What to produce: Print the line containing "Bruidsfotograaf-Sittard-journalistieke-bruidsfotografie-074.jpg" and every later line of the records. Keep each one exactly as given, ending with the last.

Entries supplied:
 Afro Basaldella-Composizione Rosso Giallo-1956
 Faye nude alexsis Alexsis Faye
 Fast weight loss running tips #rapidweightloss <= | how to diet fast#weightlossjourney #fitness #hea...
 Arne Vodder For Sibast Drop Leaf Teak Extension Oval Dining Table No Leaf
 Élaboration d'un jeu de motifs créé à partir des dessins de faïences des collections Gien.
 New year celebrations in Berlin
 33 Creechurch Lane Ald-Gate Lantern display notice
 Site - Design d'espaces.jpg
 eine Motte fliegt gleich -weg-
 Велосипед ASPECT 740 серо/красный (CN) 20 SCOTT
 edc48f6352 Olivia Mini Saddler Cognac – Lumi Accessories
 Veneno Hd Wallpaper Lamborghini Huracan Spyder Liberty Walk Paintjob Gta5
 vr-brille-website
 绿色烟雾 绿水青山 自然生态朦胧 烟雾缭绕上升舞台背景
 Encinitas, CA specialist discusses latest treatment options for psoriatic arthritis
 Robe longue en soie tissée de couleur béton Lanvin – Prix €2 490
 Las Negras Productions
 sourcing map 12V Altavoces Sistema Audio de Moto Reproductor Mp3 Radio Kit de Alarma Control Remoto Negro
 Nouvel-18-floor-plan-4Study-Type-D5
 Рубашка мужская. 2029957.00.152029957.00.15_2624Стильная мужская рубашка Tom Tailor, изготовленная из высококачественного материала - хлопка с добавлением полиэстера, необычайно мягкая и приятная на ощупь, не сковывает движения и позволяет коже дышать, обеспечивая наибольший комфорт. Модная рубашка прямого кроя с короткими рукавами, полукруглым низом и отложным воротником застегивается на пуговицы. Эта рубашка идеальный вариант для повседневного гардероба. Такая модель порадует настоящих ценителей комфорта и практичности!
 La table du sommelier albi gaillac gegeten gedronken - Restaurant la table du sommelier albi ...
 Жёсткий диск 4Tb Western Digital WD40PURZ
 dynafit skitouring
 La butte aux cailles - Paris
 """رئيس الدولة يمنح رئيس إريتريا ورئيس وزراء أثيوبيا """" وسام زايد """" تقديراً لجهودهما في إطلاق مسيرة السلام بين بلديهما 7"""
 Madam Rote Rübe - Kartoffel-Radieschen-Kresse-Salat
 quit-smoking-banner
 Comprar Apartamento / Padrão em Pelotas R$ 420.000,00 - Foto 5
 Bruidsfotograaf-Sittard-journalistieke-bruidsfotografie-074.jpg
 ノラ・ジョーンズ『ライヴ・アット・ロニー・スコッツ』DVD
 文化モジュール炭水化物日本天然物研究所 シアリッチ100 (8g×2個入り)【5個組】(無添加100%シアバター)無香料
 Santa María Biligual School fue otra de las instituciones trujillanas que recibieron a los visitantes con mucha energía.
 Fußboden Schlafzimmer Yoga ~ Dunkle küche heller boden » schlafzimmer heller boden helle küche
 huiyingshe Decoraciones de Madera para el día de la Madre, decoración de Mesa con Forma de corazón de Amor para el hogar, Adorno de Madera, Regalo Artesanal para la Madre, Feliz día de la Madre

Written solution:
 Bruidsfotograaf-Sittard-journalistieke-bruidsfotografie-074.jpg
 ノラ・ジョーンズ『ライヴ・アット・ロニー・スコッツ』DVD
 文化モジュール炭水化物日本天然物研究所 シアリッチ100 (8g×2個入り)【5個組】(無添加100%シアバター)無香料
 Santa María Biligual School fue otra de las instituciones trujillanas que recibieron a los visitantes con mucha energía.
 Fußboden Schlafzimmer Yoga ~ Dunkle küche heller boden » schlafzimmer heller boden helle küche
 huiyingshe Decoraciones de Madera para el día de la Madre, decoración de Mesa con Forma de corazón de Amor para el hogar, Adorno de Madera, Regalo Artesanal para la Madre, Feliz día de la Madre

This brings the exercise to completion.